PROBLEM> Every record gets copied exactly, and no picture goes with it.

Recorded data
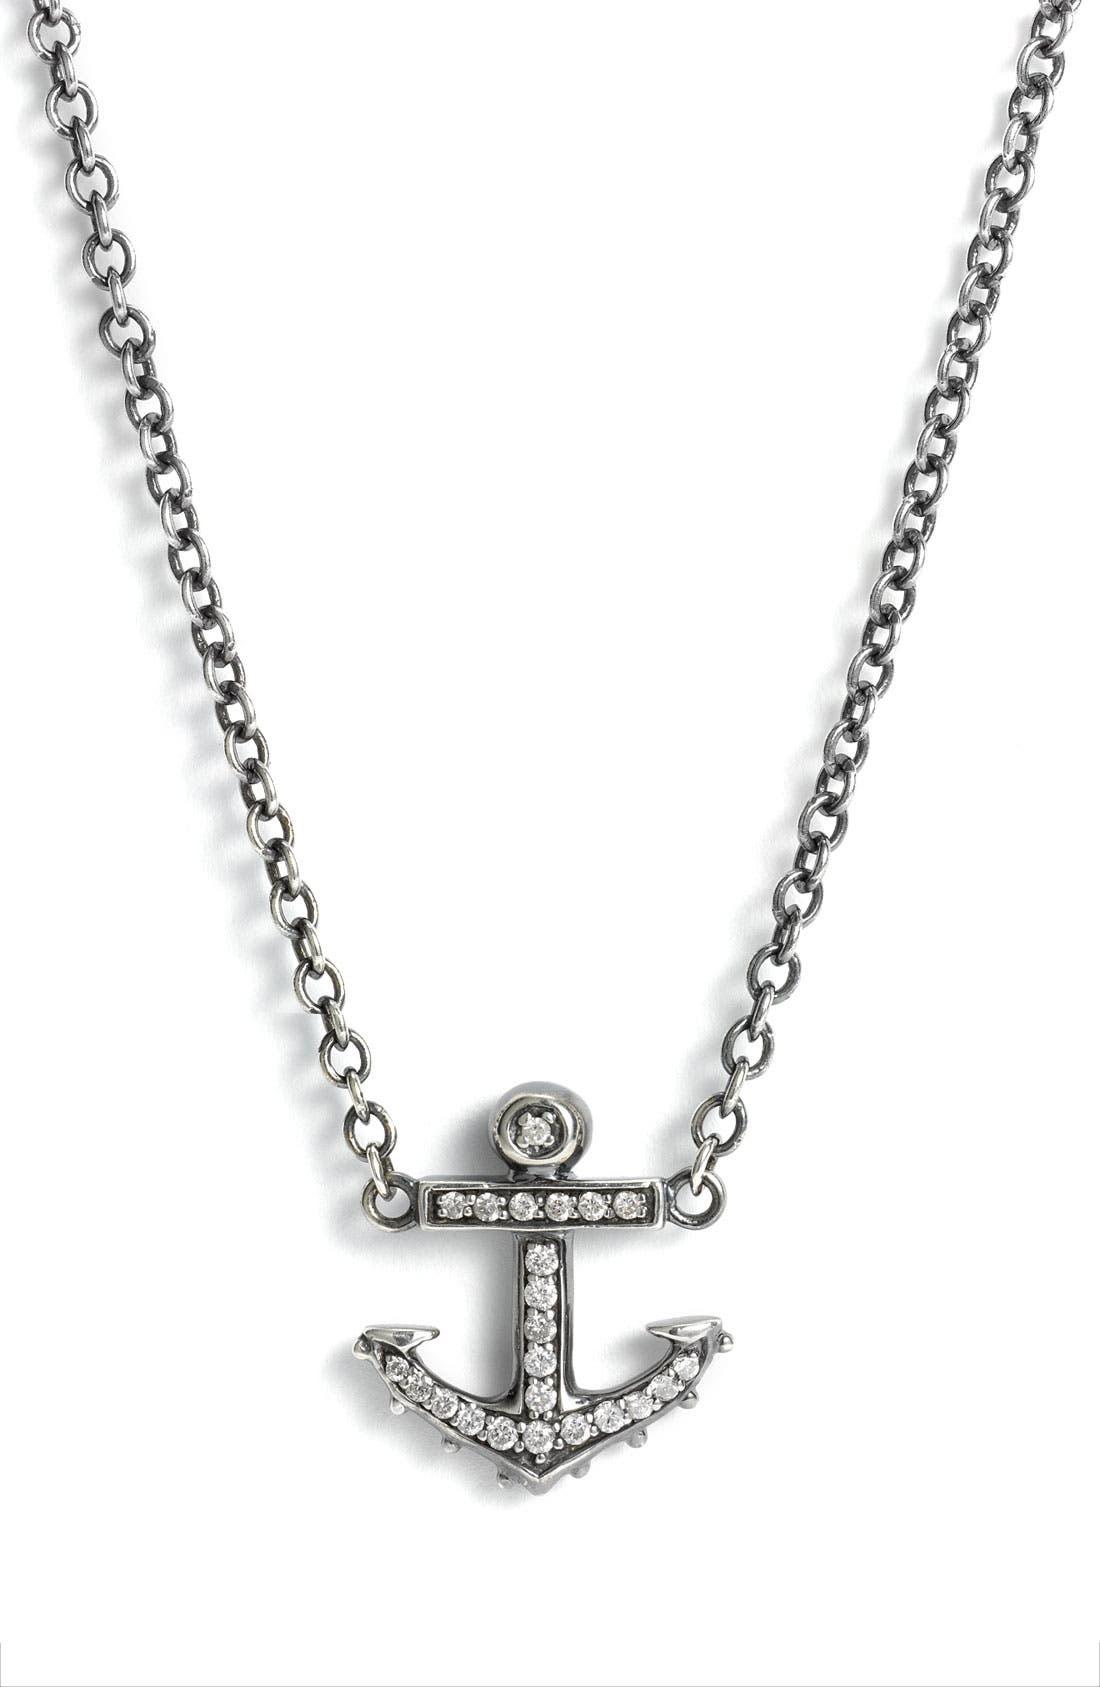 Main Image - Elizabeth and James 'Sea Creatures' Anchor & Sapphire Pendant Necklace
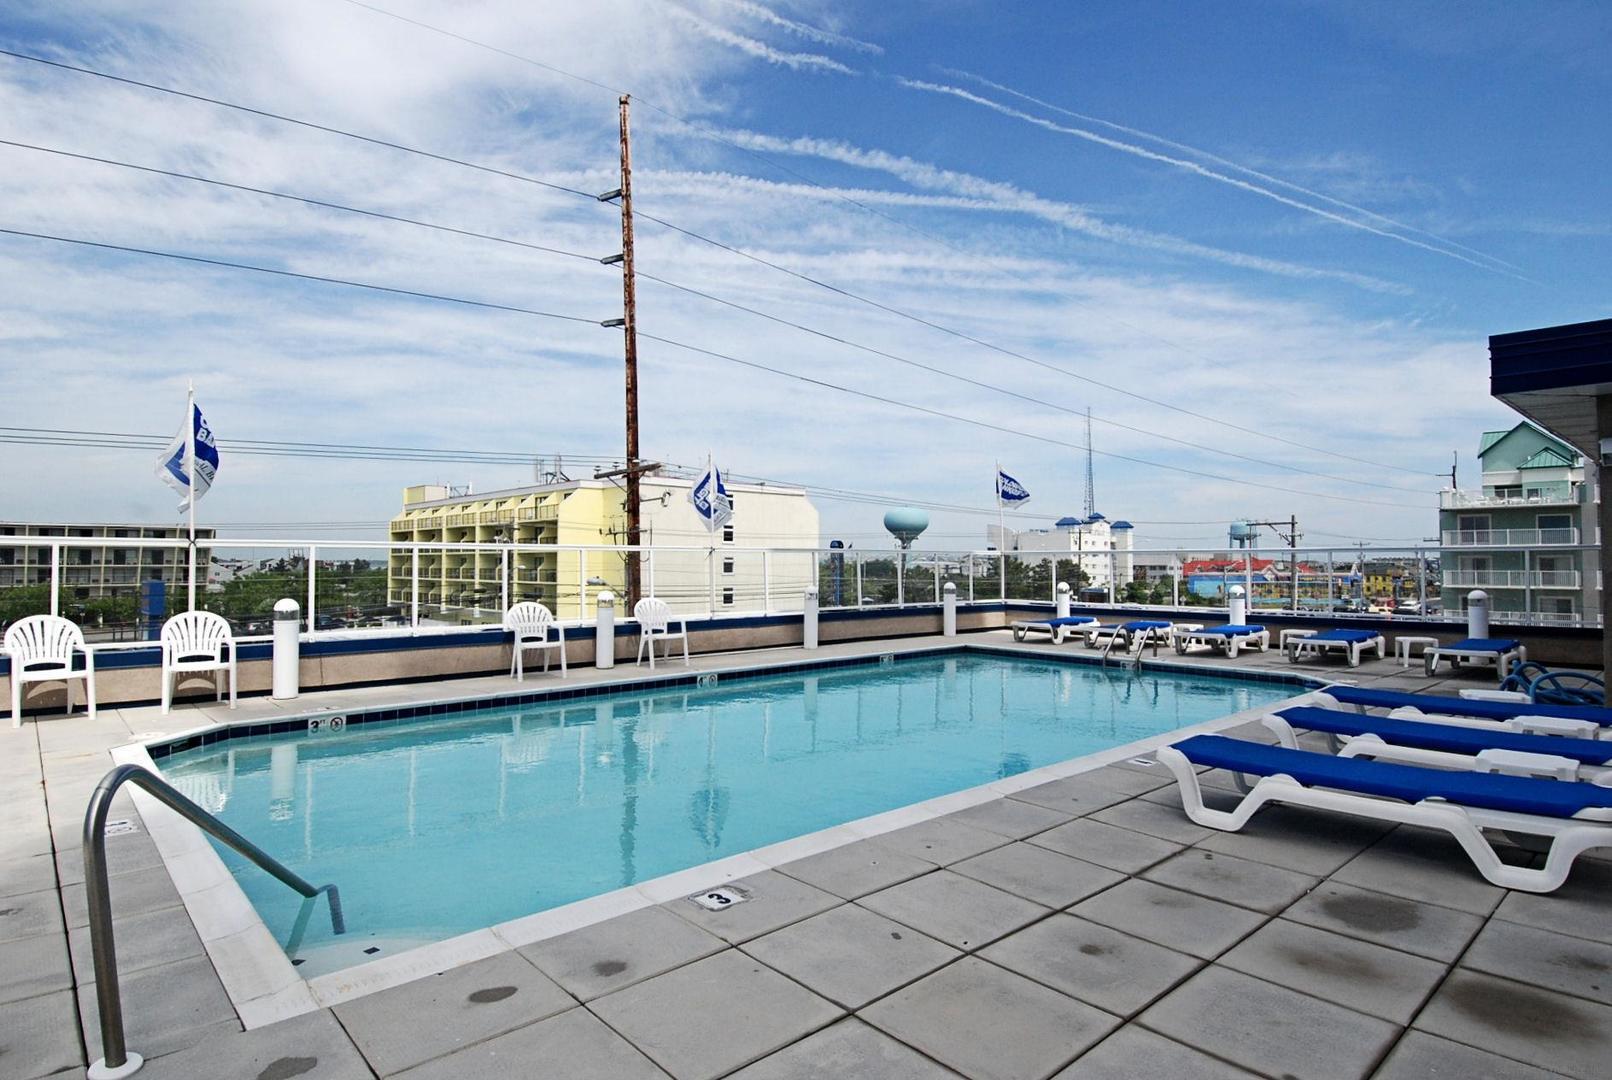 Meridian Rooftop Pool (open seasonally)
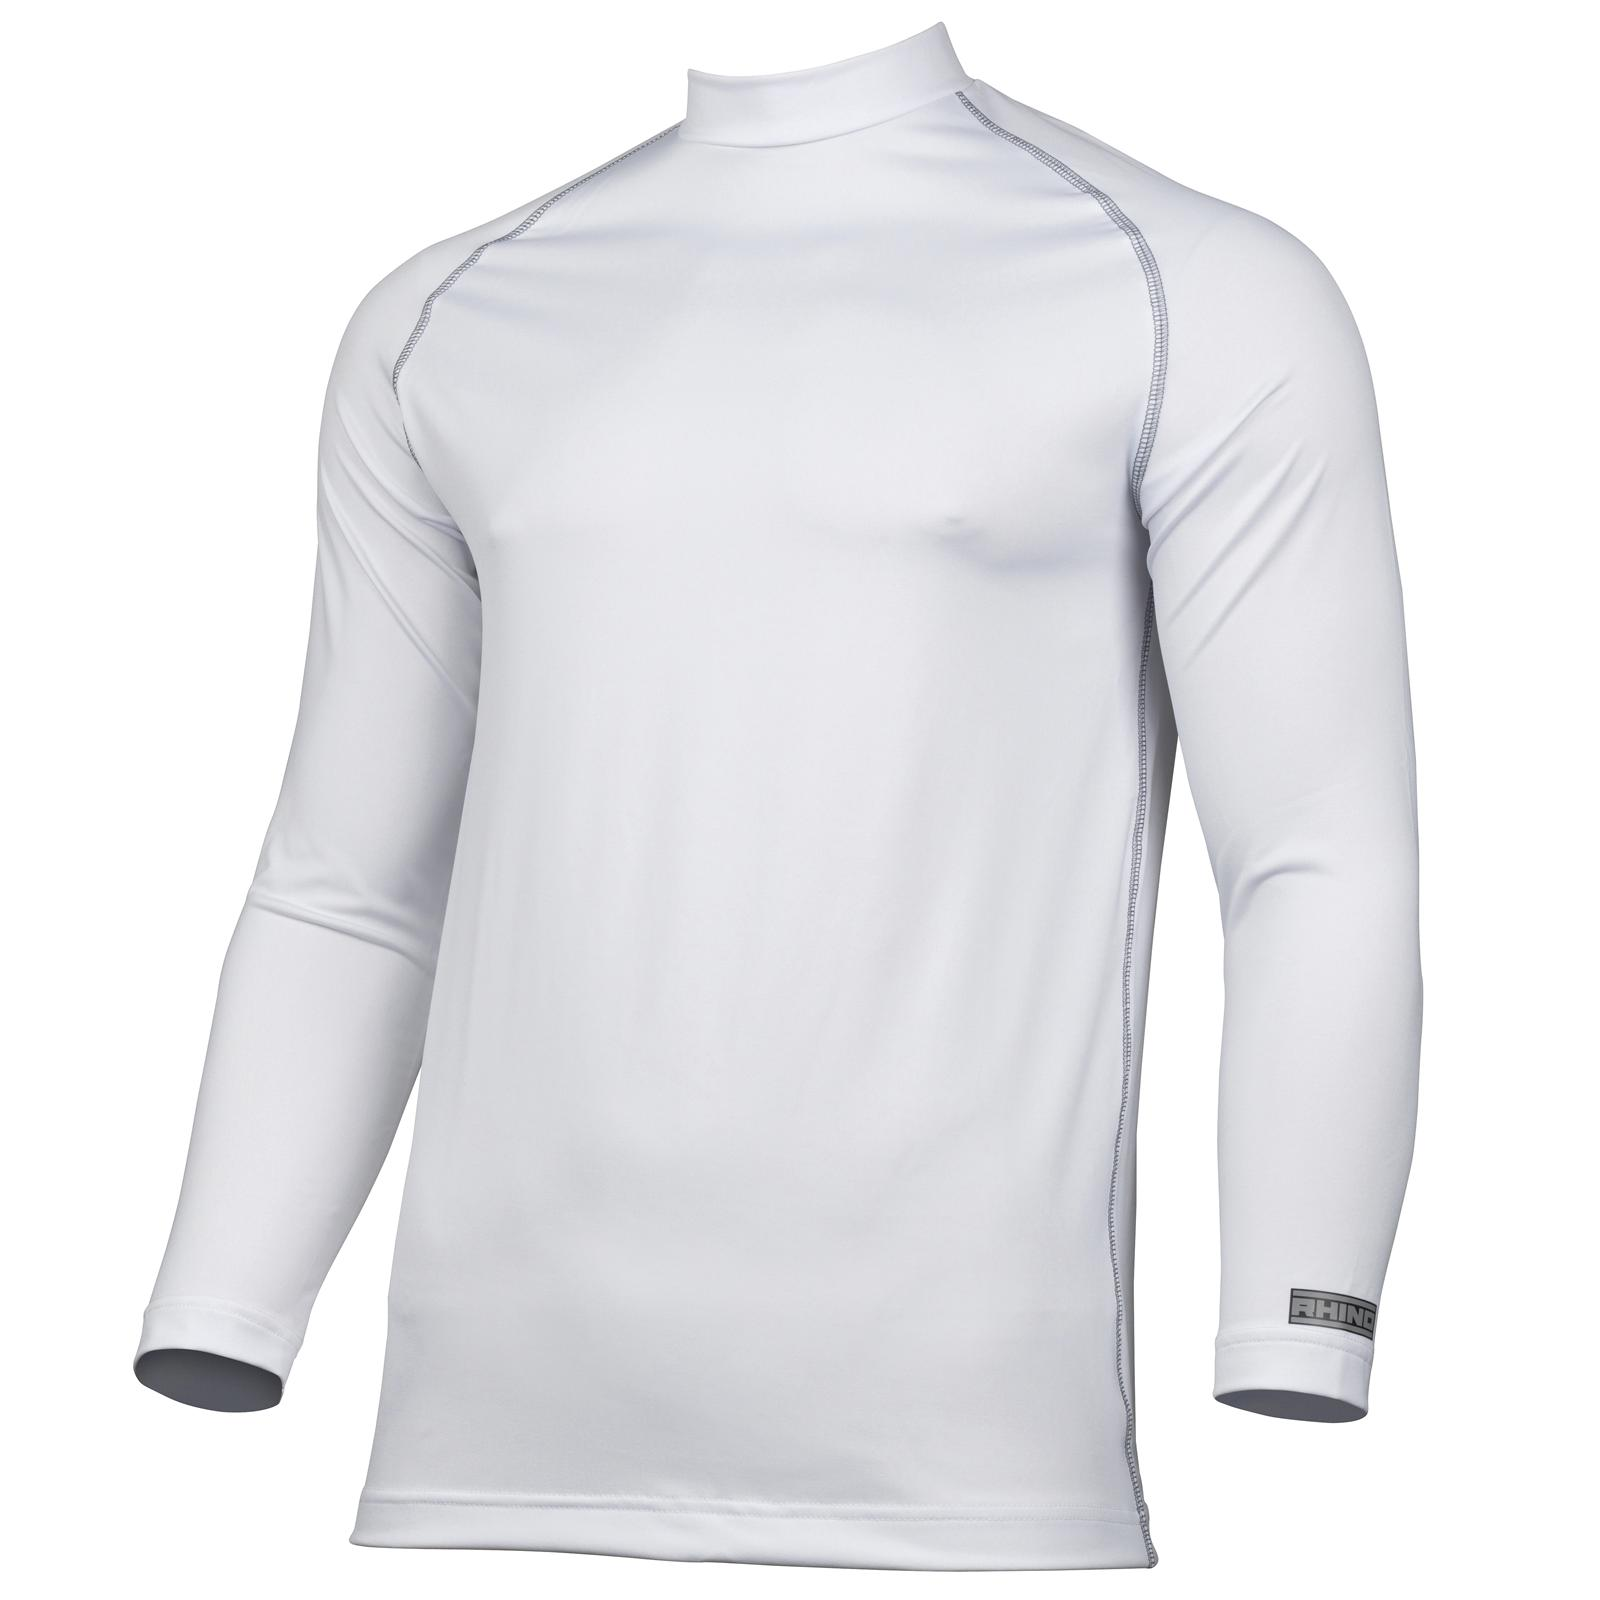 T shirt white colour - New Rhino Unisex Adults Sports Long Sleeve Base
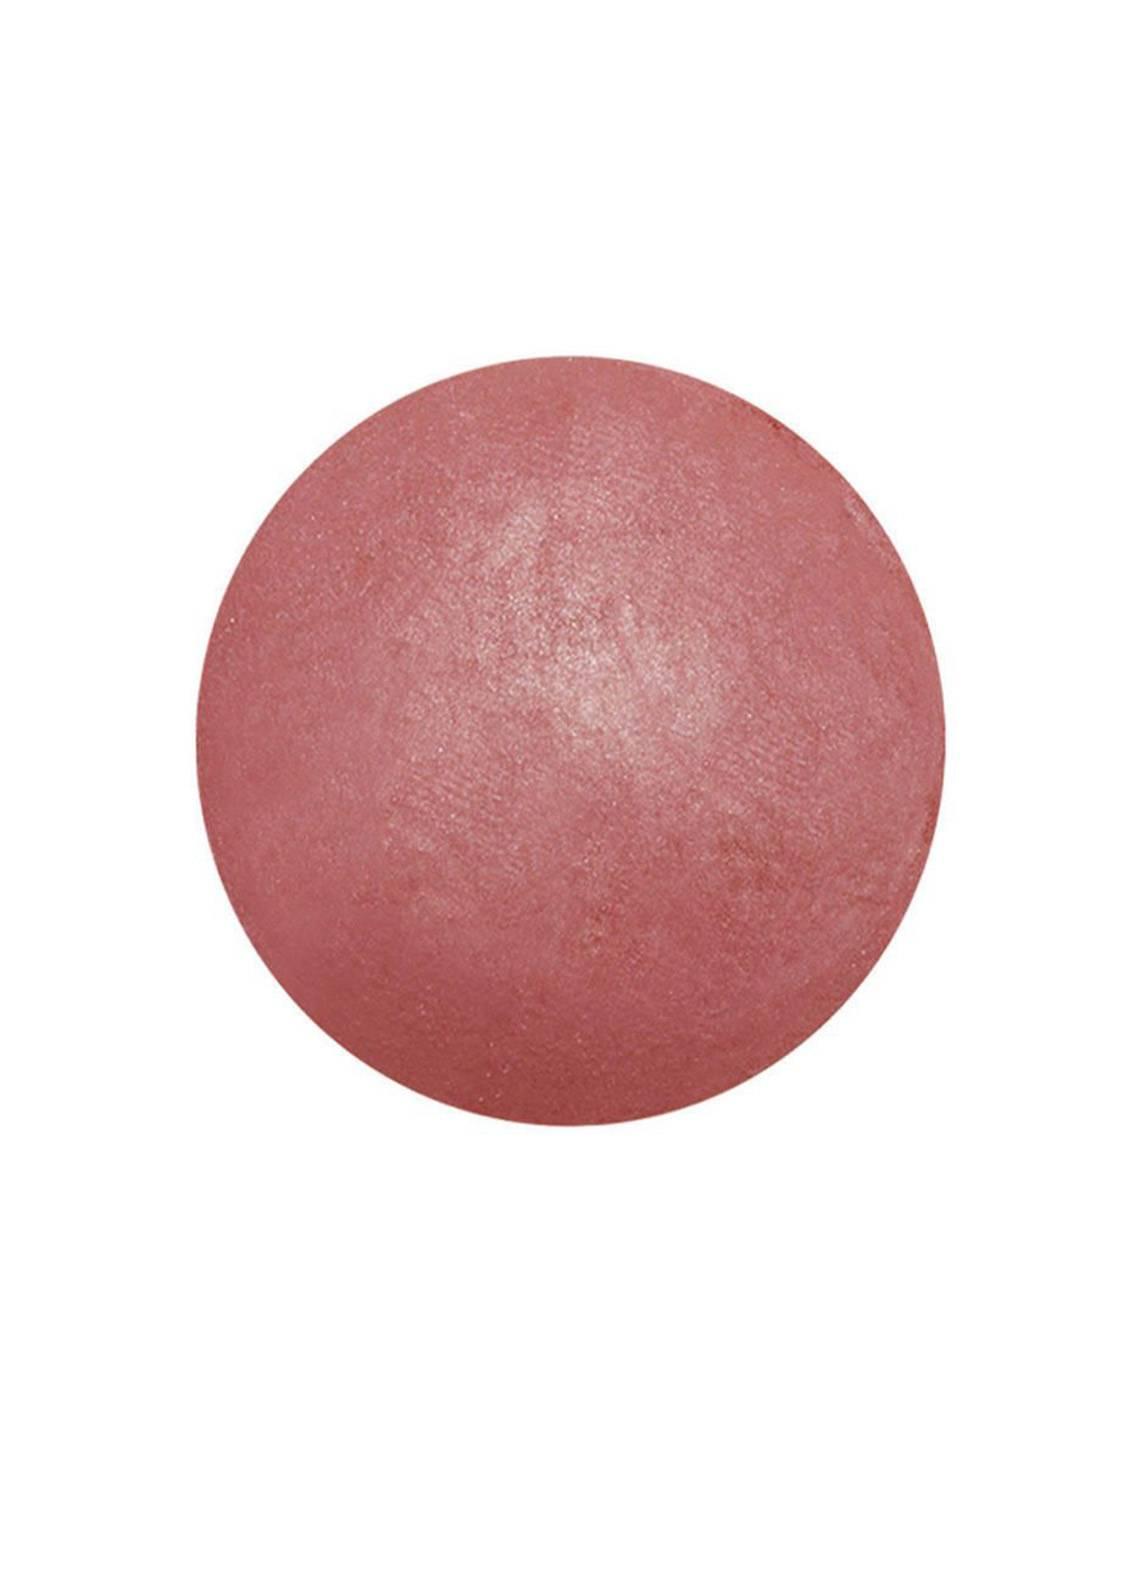 DMGM Luminous Touch Cheek Blusher - Soft Cinnamon - 08
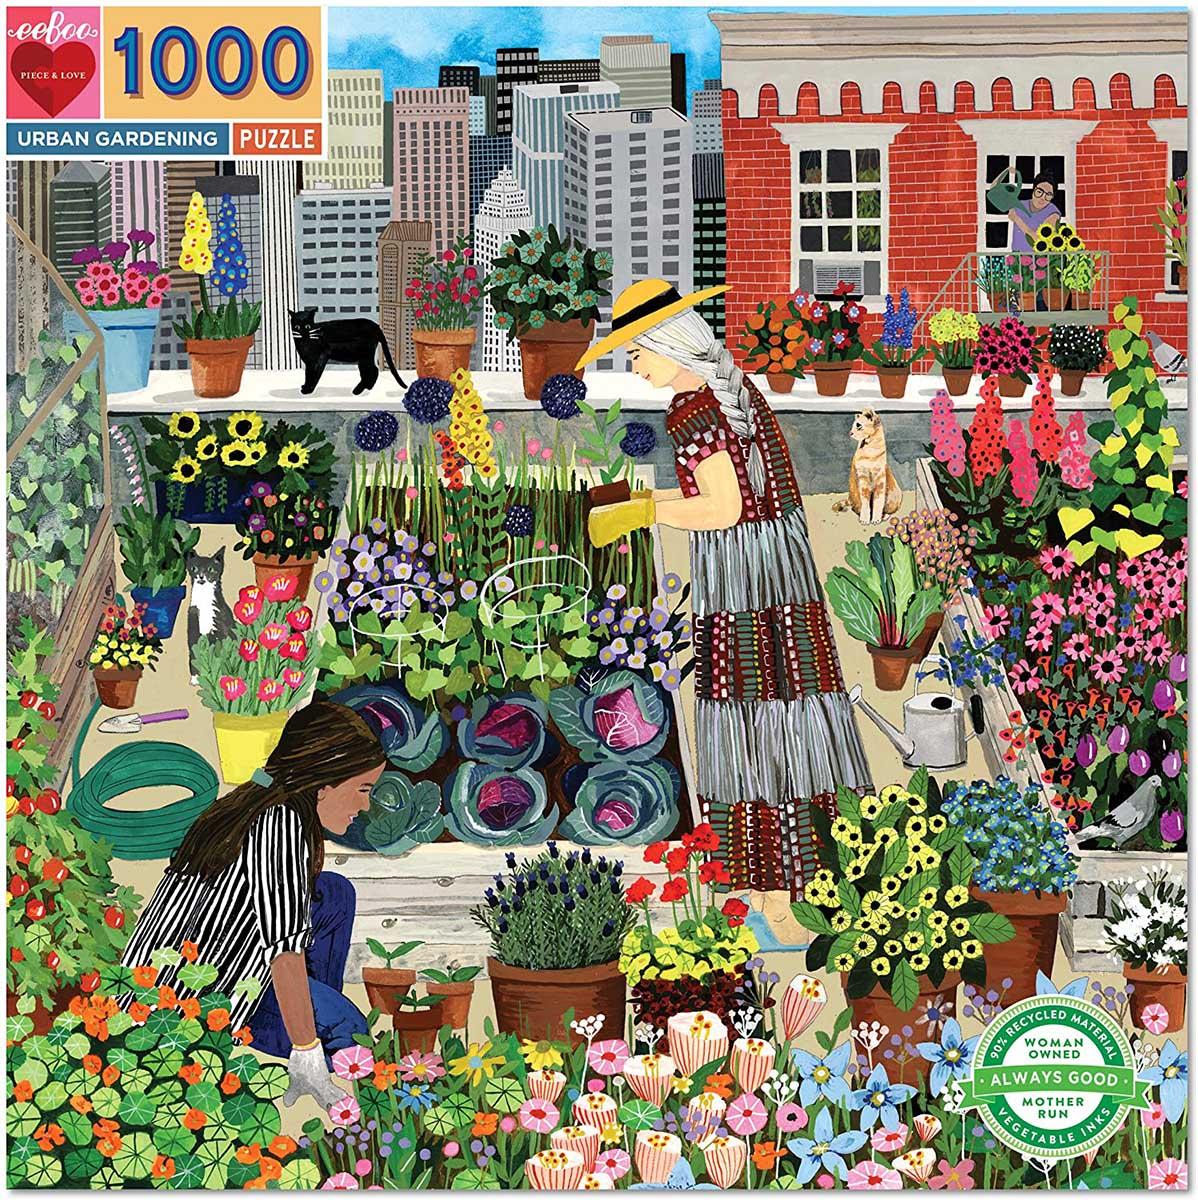 Urban Gardening Street Scene Jigsaw Puzzle

WRITTEN RESPONSE>
 Main Image - Elizabeth and James 'Sea Creatures' Anchor & Sapphire Pendant Necklace
 Meridian Rooftop Pool (open seasonally)
 T shirt white colour - New Rhino Unisex Adults Sports Long Sleeve Base
 DMGM Luminous Touch Cheek Blusher - Soft Cinnamon - 08
 Urban Gardening Street Scene Jigsaw Puzzle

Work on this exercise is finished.